- Born: 27 March 1876 Alt Järshagen, German Empire
- Died: 21 February 1950 (aged 73) Gräfelfing, West Germany
- Education: University of Leipzig
- Scientific career
- Fields: Mathematics
- Doctoral advisor: Sophus Lie Gustav Mayer
- Doctoral students: Alwin Walther

= Gerhard Kowalewski =

German mathematician (1876–1950)

Gerhard Kowalewski (27 March 1876 – 21 February 1950) was a German mathematician who introduced the matrices notation.

==Early life==
Waldemar Hermann Gerhard Kowalewski was born on March 27, 1876, in Alt Järshagen in Pomerania, then part of the German Empire. He was the son of Julius Leonard Kowalewski, a school teacher. In 1893 he left home to attend the University of Königsberg where his brother Christian Kowalewski was a professor of philosophy and mathematics. There he studied mathematics and philosophy before enrolling at the University of Greifswald, before eventually settling at the University of Leipzig, where he earned his doctorate with the thesis Über eine Kategorie von Transformationsgruppen einer vierdimensionalen Mannigfaltigkeit in 1898. At Leipzig he was a student of Sophus Lie, where he was considered one of Lie's most elite and gifted students.

==Academia==
In 1901 he became an associate professor at the University of Greifswald before moving on to the University of Bonn in 1904. In 1909 he left for Prague to assume an appointment to a German-based school, before taking a position with the German University of Prague in 1912. From there he took a position at the Technical University of Dresden, culminating in his appointment as Rector in 1935. During 1937—1941, he was an editor of the journal Deutsche Mathematik. In 1937 he requested leave and was granted such from the Reich Ministry of Education. He returned to the German University of Prague in 1939 where he held a position until 1945, which following the expulsion of Germans following the war, fled to Munich where he established himself at the Technical University of Munich.

==Legacy==
Kowalewski is known for the introduction of the matrices notation in 1909 with his work titled Determinantentheorie. He researched theories of determinants, transformation groups, natural and differential geometry, and approximation and interpolation, publishing over 100 works, including Vorlesungen über natürliche Geometrie, the German translation of Ernesto Cesàro's work, Das Integral und seine geometrischen Anwendungen in 1910, Über Bolzanos Nichtdifferenzierbare Stetige Funktion, Der Keplersche Korper und andere Bauspiele in 1938, and his memoir in 1950, Bestand und Wandel, as well as 24 mathematical textbooks. He was awarded the Lobachevsky Diploma in 1927.
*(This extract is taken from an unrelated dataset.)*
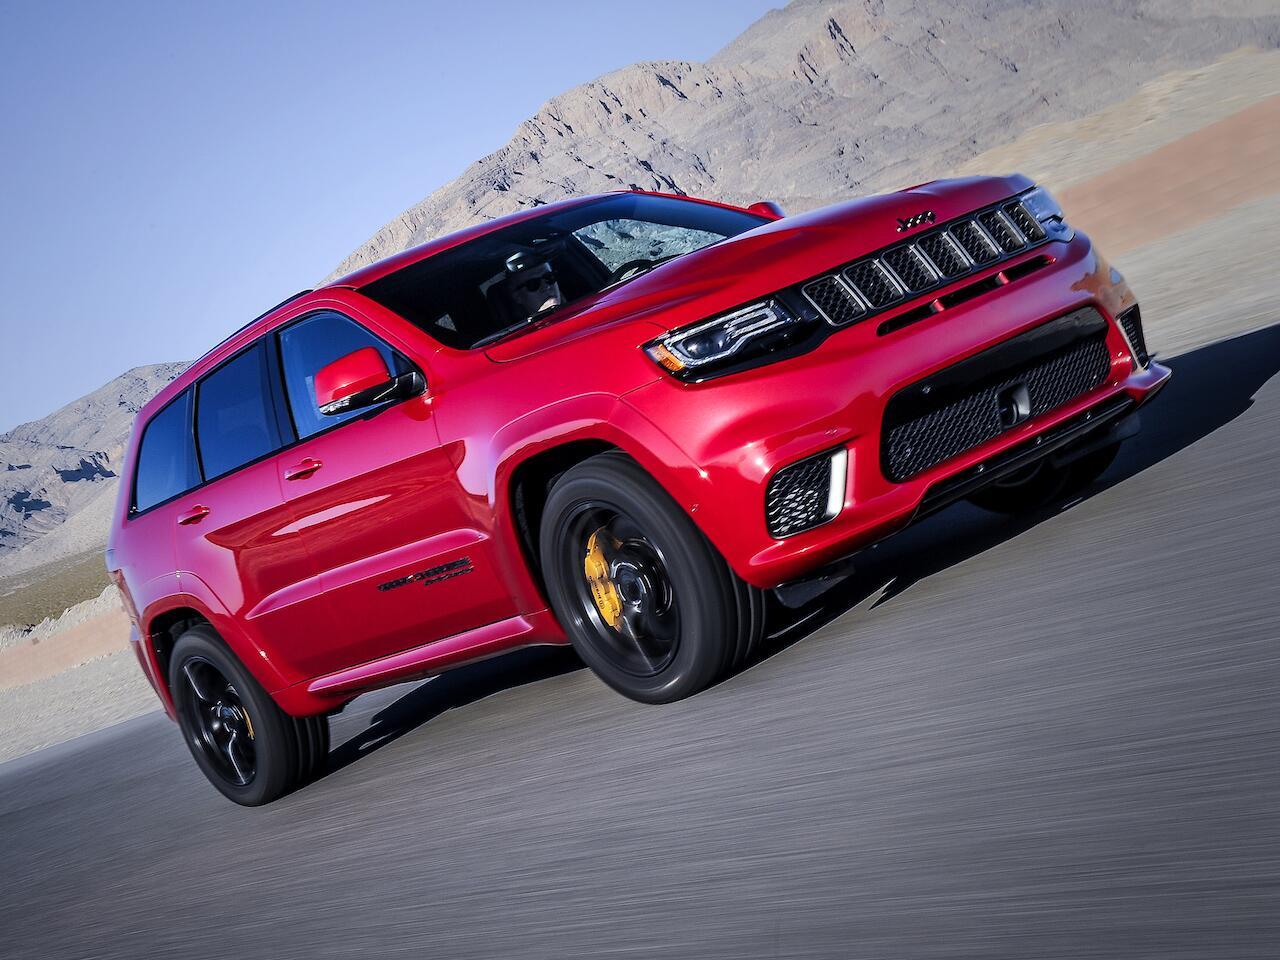 Bild zu Platz 2: Jeep Grand Cherokee

Kowalewski was a member of the Saxon Academy of Sciences, the Société Mathématique de France, and socially associated with members of the Louvre Circle and Prague intellectual elite, which included Berta Fanta, Oskar Kraus, Franz Kafka, Hugo Bergmann, Philipp Frank, Albert Einstein, and Christian von Ehrenfels.

Kowalewski died in 1950 in Gräfelfing.

===Nazi party membership===
Kowalewski was a member of the Nazi party, who said about Adolf Hitler that "he has been sent to us by Providence." This helped him secure his position as Rector at the Technical University of Dresden.